Your job is to restate each entry word for word.

BEGIN Material provided

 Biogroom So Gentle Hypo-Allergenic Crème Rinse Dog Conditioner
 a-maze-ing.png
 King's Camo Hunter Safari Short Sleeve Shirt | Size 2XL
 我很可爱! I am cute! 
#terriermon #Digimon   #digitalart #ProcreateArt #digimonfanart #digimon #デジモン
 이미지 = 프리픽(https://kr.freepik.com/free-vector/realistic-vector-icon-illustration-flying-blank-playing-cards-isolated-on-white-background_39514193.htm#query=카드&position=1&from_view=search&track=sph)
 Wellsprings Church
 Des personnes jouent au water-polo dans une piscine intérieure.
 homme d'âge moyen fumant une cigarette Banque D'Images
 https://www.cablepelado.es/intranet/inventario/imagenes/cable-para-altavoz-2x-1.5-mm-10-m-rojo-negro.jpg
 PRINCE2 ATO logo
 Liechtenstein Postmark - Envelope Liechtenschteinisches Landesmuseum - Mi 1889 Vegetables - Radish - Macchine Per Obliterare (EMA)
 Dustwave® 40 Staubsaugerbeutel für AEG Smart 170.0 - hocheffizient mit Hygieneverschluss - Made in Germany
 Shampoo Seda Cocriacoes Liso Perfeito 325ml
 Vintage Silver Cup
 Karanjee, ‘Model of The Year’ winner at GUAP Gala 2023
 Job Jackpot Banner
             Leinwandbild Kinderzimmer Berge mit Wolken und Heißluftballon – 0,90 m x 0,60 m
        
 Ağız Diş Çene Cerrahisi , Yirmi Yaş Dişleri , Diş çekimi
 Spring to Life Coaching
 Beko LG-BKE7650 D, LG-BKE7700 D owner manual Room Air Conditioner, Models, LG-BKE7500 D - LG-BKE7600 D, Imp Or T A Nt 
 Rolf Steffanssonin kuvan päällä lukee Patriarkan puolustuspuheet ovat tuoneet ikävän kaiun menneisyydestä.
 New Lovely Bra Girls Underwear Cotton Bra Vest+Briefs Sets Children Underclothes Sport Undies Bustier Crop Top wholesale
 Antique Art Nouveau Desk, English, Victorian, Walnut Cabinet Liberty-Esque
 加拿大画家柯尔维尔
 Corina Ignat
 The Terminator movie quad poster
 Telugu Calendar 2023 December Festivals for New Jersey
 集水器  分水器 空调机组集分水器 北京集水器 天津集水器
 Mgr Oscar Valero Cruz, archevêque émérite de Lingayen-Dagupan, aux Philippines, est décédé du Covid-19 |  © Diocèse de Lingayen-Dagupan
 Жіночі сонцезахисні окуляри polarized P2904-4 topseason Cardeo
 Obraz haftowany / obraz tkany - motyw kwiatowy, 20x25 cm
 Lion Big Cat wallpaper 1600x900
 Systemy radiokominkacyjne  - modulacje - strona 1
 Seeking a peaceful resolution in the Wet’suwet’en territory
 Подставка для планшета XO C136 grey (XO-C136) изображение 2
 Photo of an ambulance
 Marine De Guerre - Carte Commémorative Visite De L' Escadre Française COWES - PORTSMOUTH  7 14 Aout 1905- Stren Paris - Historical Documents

END Material provided

### Completed task
 Biogroom So Gentle Hypo-Allergenic Crème Rinse Dog Conditioner
 a-maze-ing.png
 King's Camo Hunter Safari Short Sleeve Shirt | Size 2XL
 我很可爱! I am cute! 
#terriermon #Digimon   #digitalart #ProcreateArt #digimonfanart #digimon #デジモン
 이미지 = 프리픽(https://kr.freepik.com/free-vector/realistic-vector-icon-illustration-flying-blank-playing-cards-isolated-on-white-background_39514193.htm#query=카드&position=1&from_view=search&track=sph)
 Wellsprings Church
 Des personnes jouent au water-polo dans une piscine intérieure.
 homme d'âge moyen fumant une cigarette Banque D'Images
 https://www.cablepelado.es/intranet/inventario/imagenes/cable-para-altavoz-2x-1.5-mm-10-m-rojo-negro.jpg
 PRINCE2 ATO logo
 Liechtenstein Postmark - Envelope Liechtenschteinisches Landesmuseum - Mi 1889 Vegetables - Radish - Macchine Per Obliterare (EMA)
 Dustwave® 40 Staubsaugerbeutel für AEG Smart 170.0 - hocheffizient mit Hygieneverschluss - Made in Germany
 Shampoo Seda Cocriacoes Liso Perfeito 325ml
 Vintage Silver Cup
 Karanjee, ‘Model of The Year’ winner at GUAP Gala 2023
 Job Jackpot Banner
             Leinwandbild Kinderzimmer Berge mit Wolken und Heißluftballon – 0,90 m x 0,60 m
        
 Ağız Diş Çene Cerrahisi , Yirmi Yaş Dişleri , Diş çekimi
 Spring to Life Coaching
 Beko LG-BKE7650 D, LG-BKE7700 D owner manual Room Air Conditioner, Models, LG-BKE7500 D - LG-BKE7600 D, Imp Or T A Nt 
 Rolf Steffanssonin kuvan päällä lukee Patriarkan puolustuspuheet ovat tuoneet ikävän kaiun menneisyydestä.
 New Lovely Bra Girls Underwear Cotton Bra Vest+Briefs Sets Children Underclothes Sport Undies Bustier Crop Top wholesale
 Antique Art Nouveau Desk, English, Victorian, Walnut Cabinet Liberty-Esque
 加拿大画家柯尔维尔
 Corina Ignat
 The Terminator movie quad poster
 Telugu Calendar 2023 December Festivals for New Jersey
 集水器  分水器 空调机组集分水器 北京集水器 天津集水器
 Mgr Oscar Valero Cruz, archevêque émérite de Lingayen-Dagupan, aux Philippines, est décédé du Covid-19 |  © Diocèse de Lingayen-Dagupan
 Жіночі сонцезахисні окуляри polarized P2904-4 topseason Cardeo
 Obraz haftowany / obraz tkany - motyw kwiatowy, 20x25 cm
 Lion Big Cat wallpaper 1600x900
 Systemy radiokominkacyjne  - modulacje - strona 1
 Seeking a peaceful resolution in the Wet’suwet’en territory
 Подставка для планшета XO C136 grey (XO-C136) изображение 2
 Photo of an ambulance
 Marine De Guerre - Carte Commémorative Visite De L' Escadre Française COWES - PORTSMOUTH  7 14 Aout 1905- Stren Paris - Historical Documents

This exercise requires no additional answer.